The Toyota Motor Corp announced yesterday that it planned to make 9.06 million cars worldwide next year, a goal that could help it snatch from General Motors Corp (GM) the crown of world's largest carmaker, a title GM has held since 1932.
Toyota's springboard would be an expected 9 percent growth in worldwide sales this year, a surge that would help make Japan's largest carmaker the world's most profitable. Toyota expects to make 8.25 million cars worldwide.
GM has not yet forecast its production next year. It has forecast that it will make 9.1 million cars this year, a 2 percent increase over last year. But the race is not over yet. While Americans focus on GM's layoffs and plant closures in the US, GM is planning major expansions in China, part of a wider shift where the American company now makes more cars overseas than at home.
PHOTO: EPA
"I am not sure that it is such a lay up for Toyota," said Kurt Sanger, Japan automotive analyst for Macquarie Securities Japan. "If GM is going to grow 15 percent to 20 percent in China, they are not going to roll over."
While GM loses money, Toyota makes it. In the third quarter that ended Sept. 30, Toyota made US$2.6 billion in net profit, and GM lost US$1.63 billion.
Toyota, armed with its new Texas-made Tundra heavy pickup, hopes to beef up sales in the US heartland, traditionally the bastion of Detroit manufacturers.
Toyota has long been coy about its ambitions to become No.1, preferring to stay out of the limelight as No.2. In 2002, it unveiled a goal of expanding its world market share to 15 percent in 2010, from 10 percent. When analysts noted that the goal would make Toyota the world's largest carmaker, the company stressed that its goal was only an expanded market share.
This year, Toyota's US sales are up 9.9 percent, and it is likely to sell nearly 2.3 million vehicles there next year. The US has been Toyota's largest and most profitable market since 2001.
By contrast, GM, despite deep discounting last summer, has seen its US sales fall 3.7 percent so far this year. GM is expected to sell about 4.2 million cars this year in the US, its biggest market.

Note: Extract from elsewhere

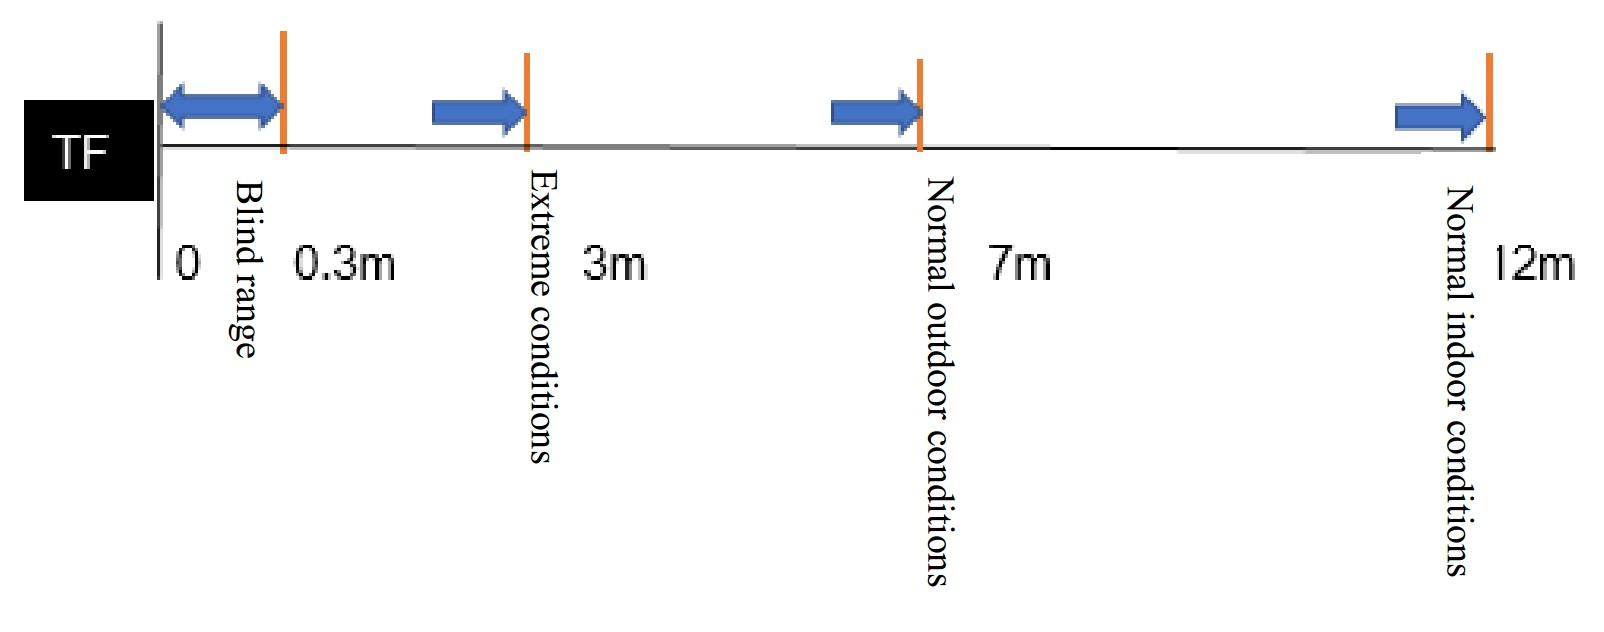 Tf Mini Lidartof Laser Range Sensor Schematic Diagram Measurement

Fearful that the top spot will draw unwanted attention from US protectionists, Toyota has started to run ads touting how 63 percent of Toyotas sold in America are made in America. Aiming to raise that to 70 percent, Toyota now has 11 production facilities in North America, three more in the planning stage, and it purchases about US$22 billion in parts and services in the US every year.
"Politically they are a very aware company," Sanger, the analyst said. "And they are aware that passing GM in this political environment is somewhat tricky."
With Toyota opening plants in Texas and Ontario, even Governor Jennifer Granholm of Michigan is courting Toyota in her bid to win a small engine plant.
Toyota's likely rise to the top spot is "one of the reasons we would like to have them in Mich-igan," Granholm said in an interview on Monday. Toyota already has a technical center in Ann Arbor and has announced plans to build a design center in Michigan.
At home, Toyota's car sales are expected to fall slightly this year, by 20,000 units to 1.74 million this year. Despite the fall, Toyota's first in three years, Japan's leading carmaker retains a domestic market share of more than 40 percent. The slight fall was probably the result of lack of new models from April to September.
But as Toyota unveils new models next year, Japan's vehicle sales are expected to inch up. Sales may rise 0.5 percent next year to 5.93 million units, against this year's estimated 5.9 million, the Japan Automobile Manufacturers Assoc-iation, an industry group, predicts.
Meanwhile, Honda Motor Co, said it expected record car and motorcycle sales next year, driven by brisk overseas growth.